_What is expected_: Nothing outside the stretch is wanted. Repeat exactly the lines of the listing below from the one that contains "Houston, West University" through the one that contains "The-Leonardo-DiCaprio-Fan-Club-Infographic", both ends included.

───── Source data ─────

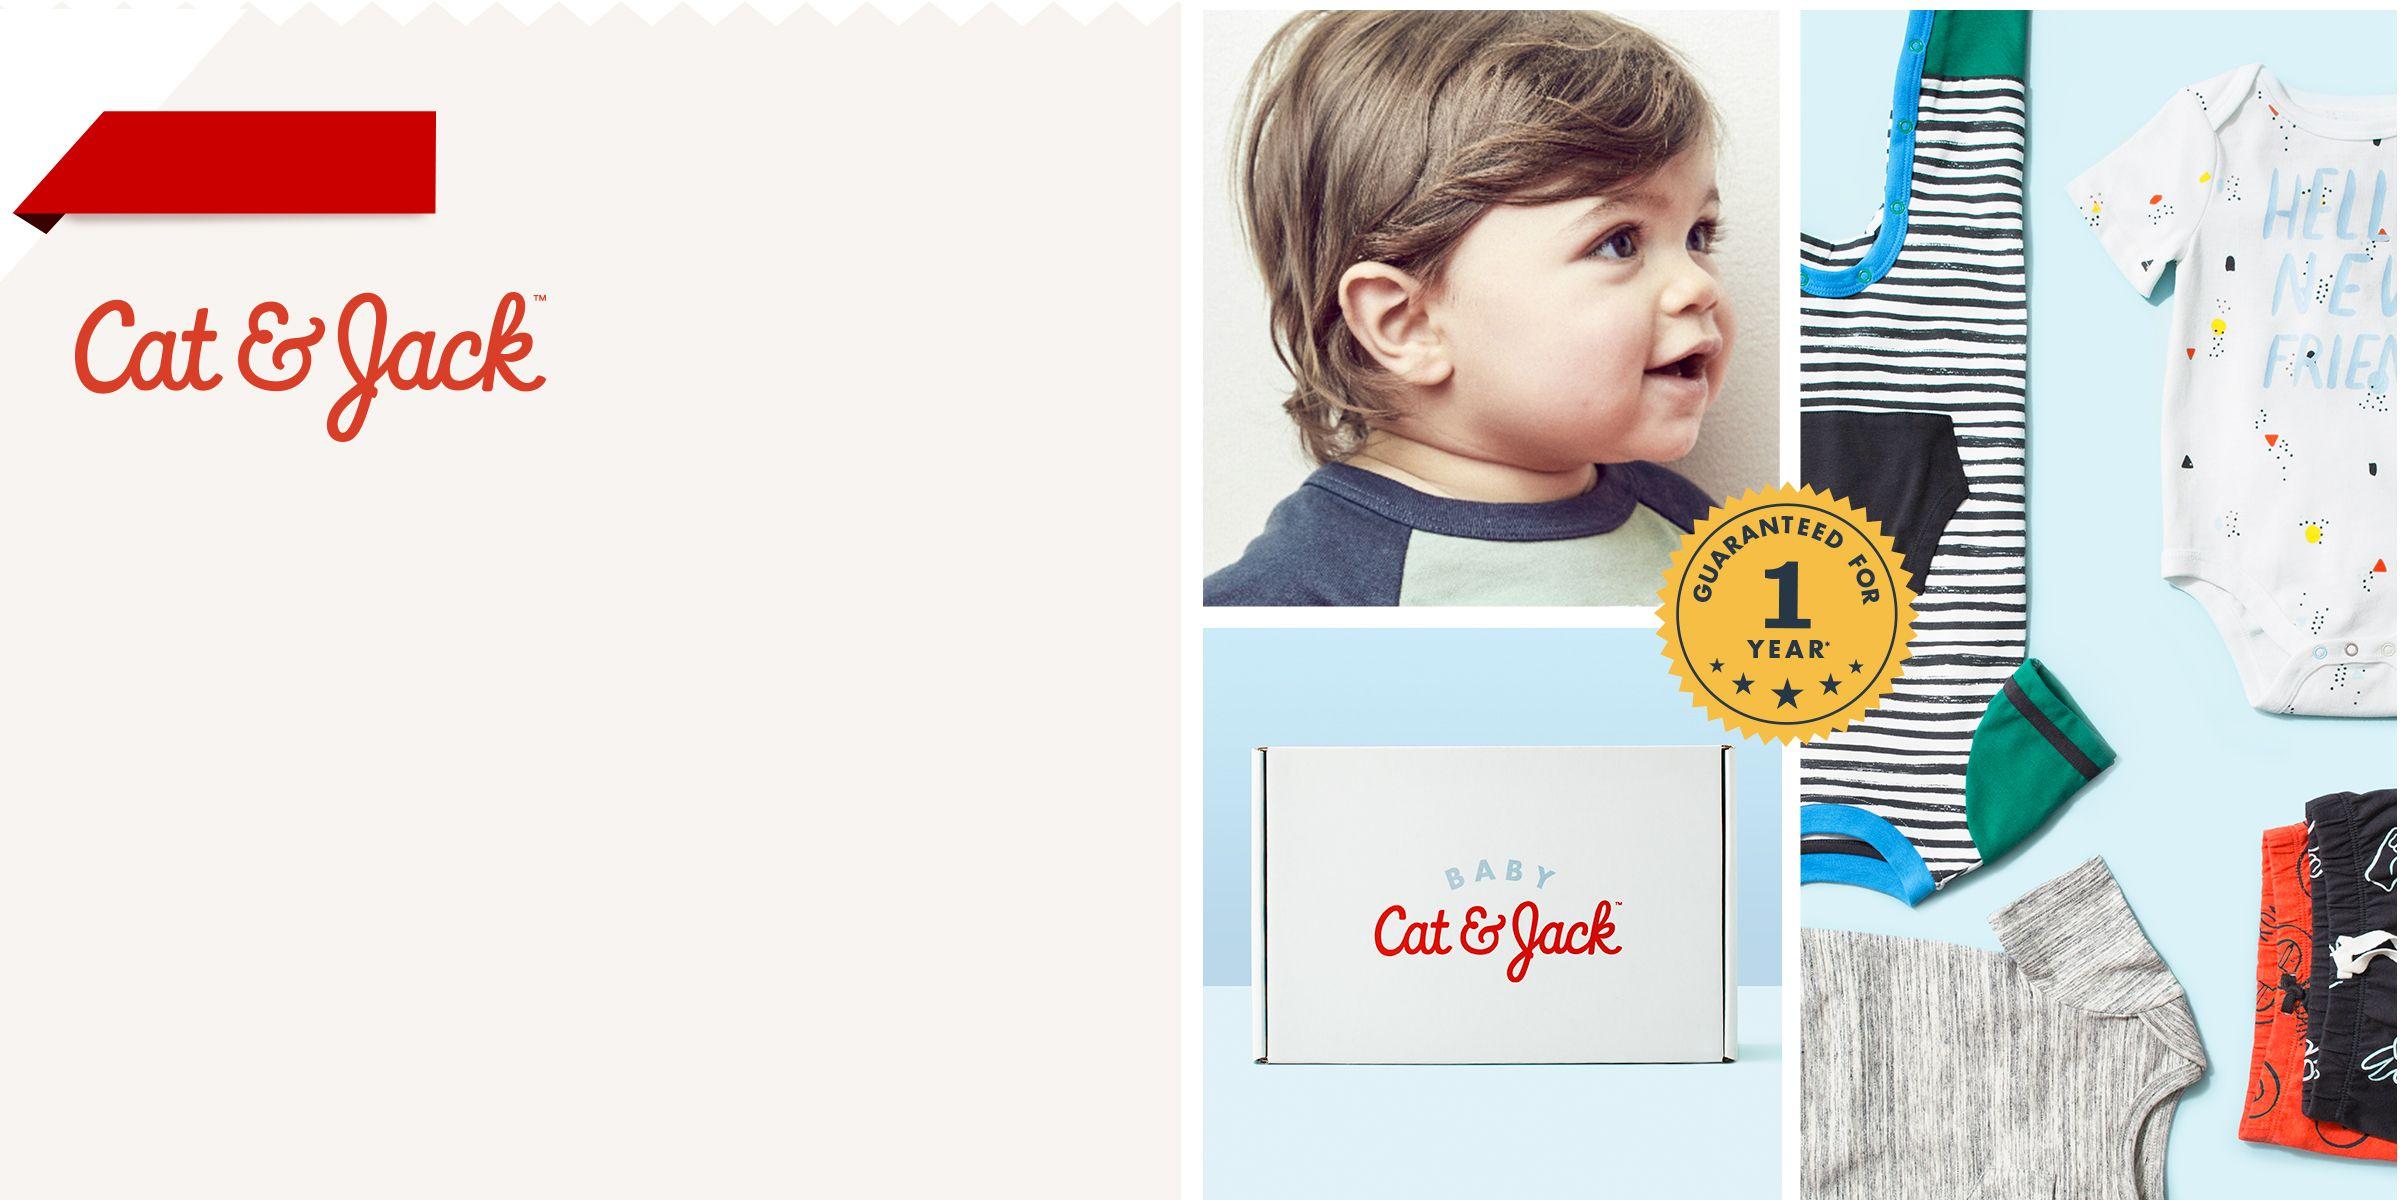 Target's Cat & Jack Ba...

─────
───── Source data ─────

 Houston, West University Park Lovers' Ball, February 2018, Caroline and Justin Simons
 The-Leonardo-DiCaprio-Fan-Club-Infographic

─────

_Output_:
 Houston, West University Park Lovers' Ball, February 2018, Caroline and Justin Simons
 The-Leonardo-DiCaprio-Fan-Club-Infographic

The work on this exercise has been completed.